Why make an XFL documentary:

"ESPN and I had been talking for years about how to do a documentary about my Dad or something around sports given what I had grown up around with my father running NBC Sports and when they came to me and said what about the XFL? I jumped at it for two reasons. One, I desperately wanted to make a film about my father and Vince McMahon's relationship because I knew no one else could or would and two is the XFL is the only time I really saw my Dad and Vince for that matter really fail. I thought that they were so incredible in the face of sort of all the adversity around the XFL and also how their relationship survived what was a very public failure. It was great fodder for a film and I really, really wanted to show a different side of Vince. I am exhausted fighting people who have sort of the wrong impression about him and I thought a film would be a great opportunity to bring it to life."

Was Vince McMahon a football fan prior to the XFL:

"I've always wondered when it was that he had time to watch football but Vince is a huge football fan. Before the XFL he tried to buy the Canadian Football League. He has always been and I remember him being a football fan when I was really young. When my Dad and Vince formed Saturday Night's Main Event I was four and I grew up around and you will appreciate this maybe more than anyone else who has interviewed me but when I grew up, Hulk Hogan was my childhood babysitter once a month. At a Saturday Night's Main Event he'd be the last match so I'd be in his dressing room for most of the night."
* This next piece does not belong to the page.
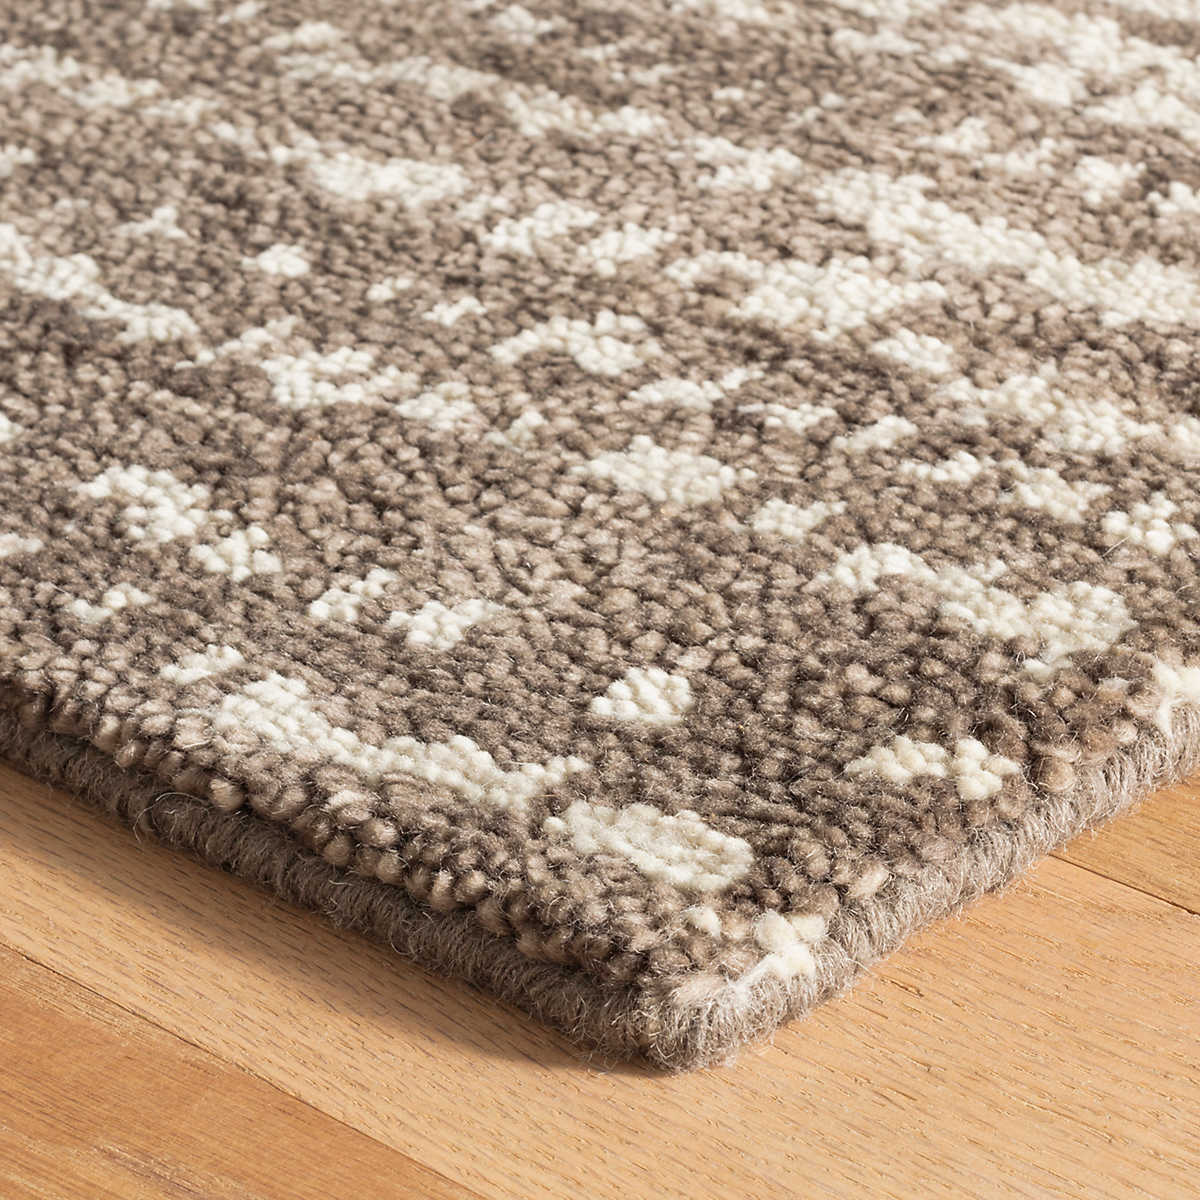 The Shepherd Grey Rug deeply dense and cushy pile serves to highlight the beauty of the unbleached color variations of natural wool fleece. The random stippling of irregularly shaped splotches is a signature motif of Marie Flanigan, an award-winning interior designer. Amethyst Home provides interior design services, furniture, rugs, and lighting in the Miami metro area.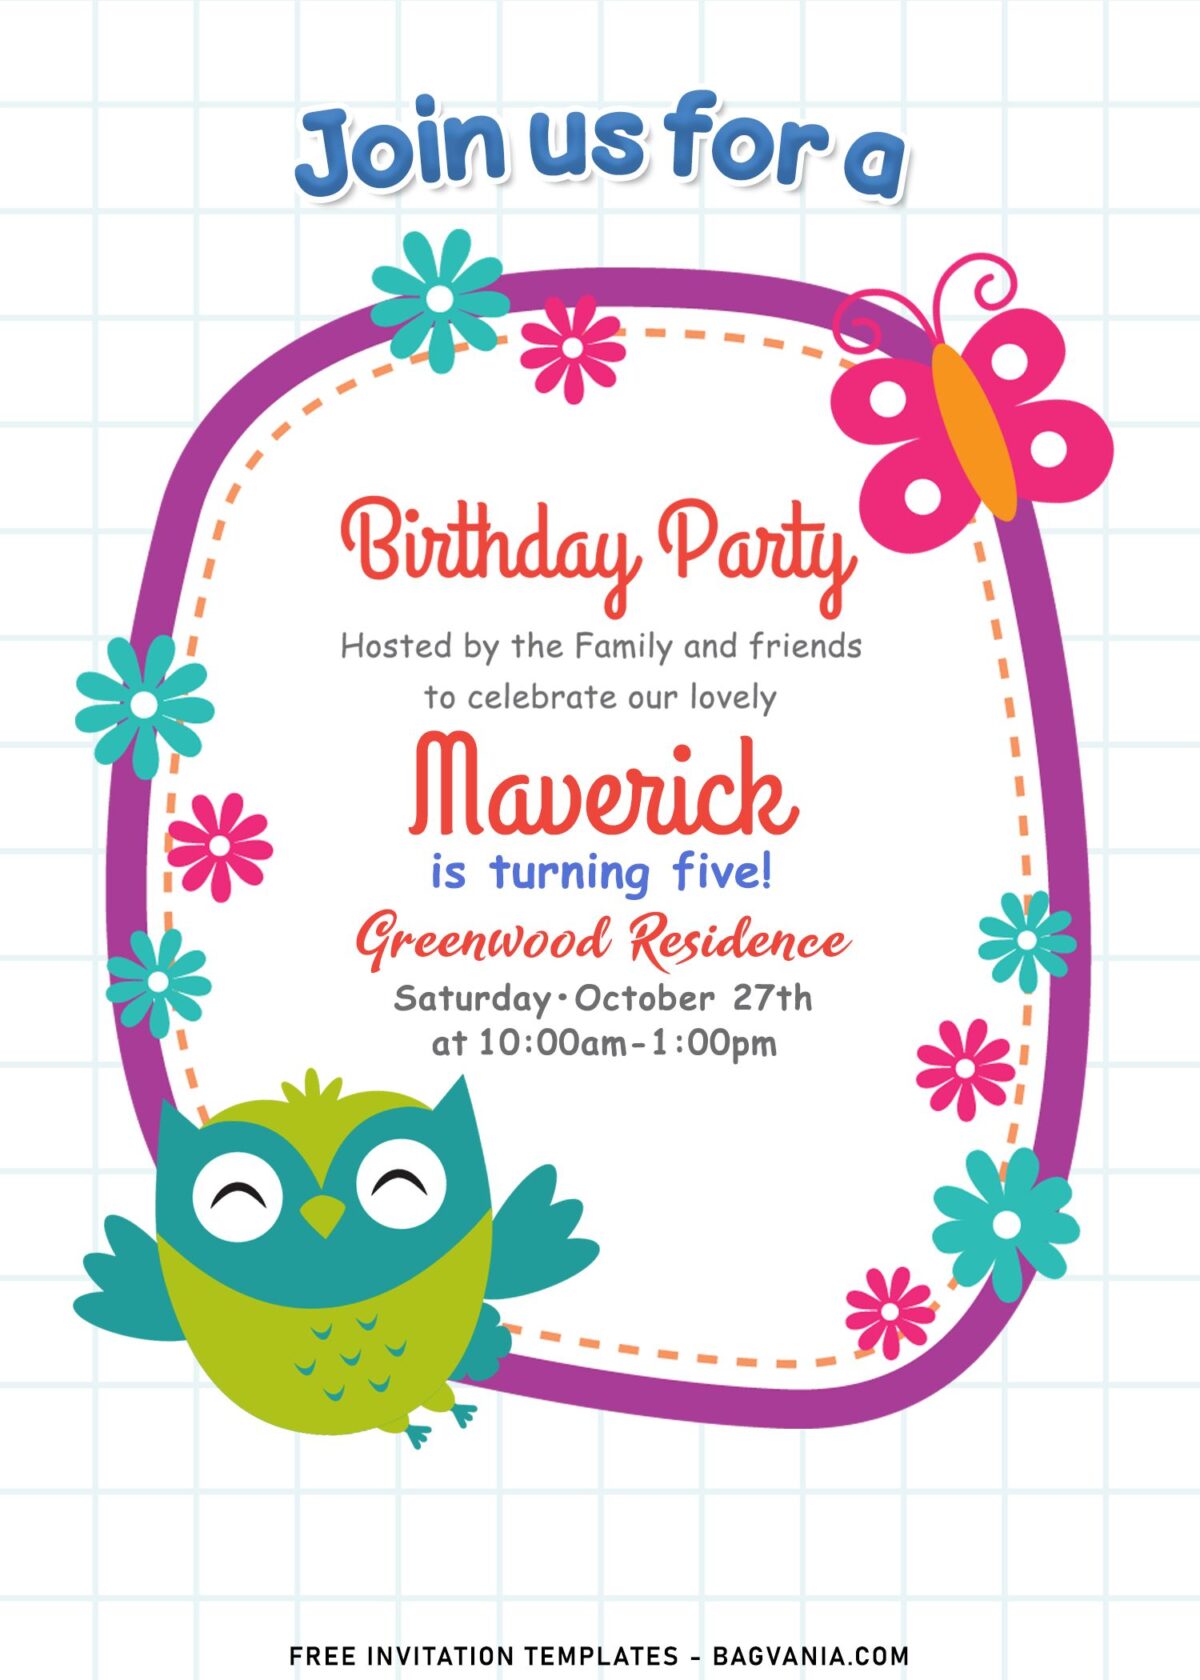 11+ Cute Owl Birthday Invitation Templates For Your Little Ones' Birthday

The XFL's concept mirroring that of the original concept for Saturday Night's Main Event:

"To your point (earlier) about how Saturday Night's Main Event changed professional wrestling, the XFL did the same. There is actually a really clean parallel which I tried to draw in the film between the two projects. With Saturday Night's Main Event my Dad came in and Vince said to him what can we do to a television broadcast that can really change this? My Dad brought all the camera angles and all of the stuff that really is part and parcel on Raw and certainly what WCW stole when it came along it was largely my father's production techniques. When Vince formed the XFL and my Dad and him did the deal for NBC to broadcast then my father did the same thing with his team and that this was an opportunity to create a league for the television fan, which Vince felt was very important to the XFL and he gave NBC incredible leeway and in doing so they created the "sky-cam" (which is now in every football game), the steadicam's on the field, mic'ing the players, interviewing coaches during games. All of those things were invented for the XFL."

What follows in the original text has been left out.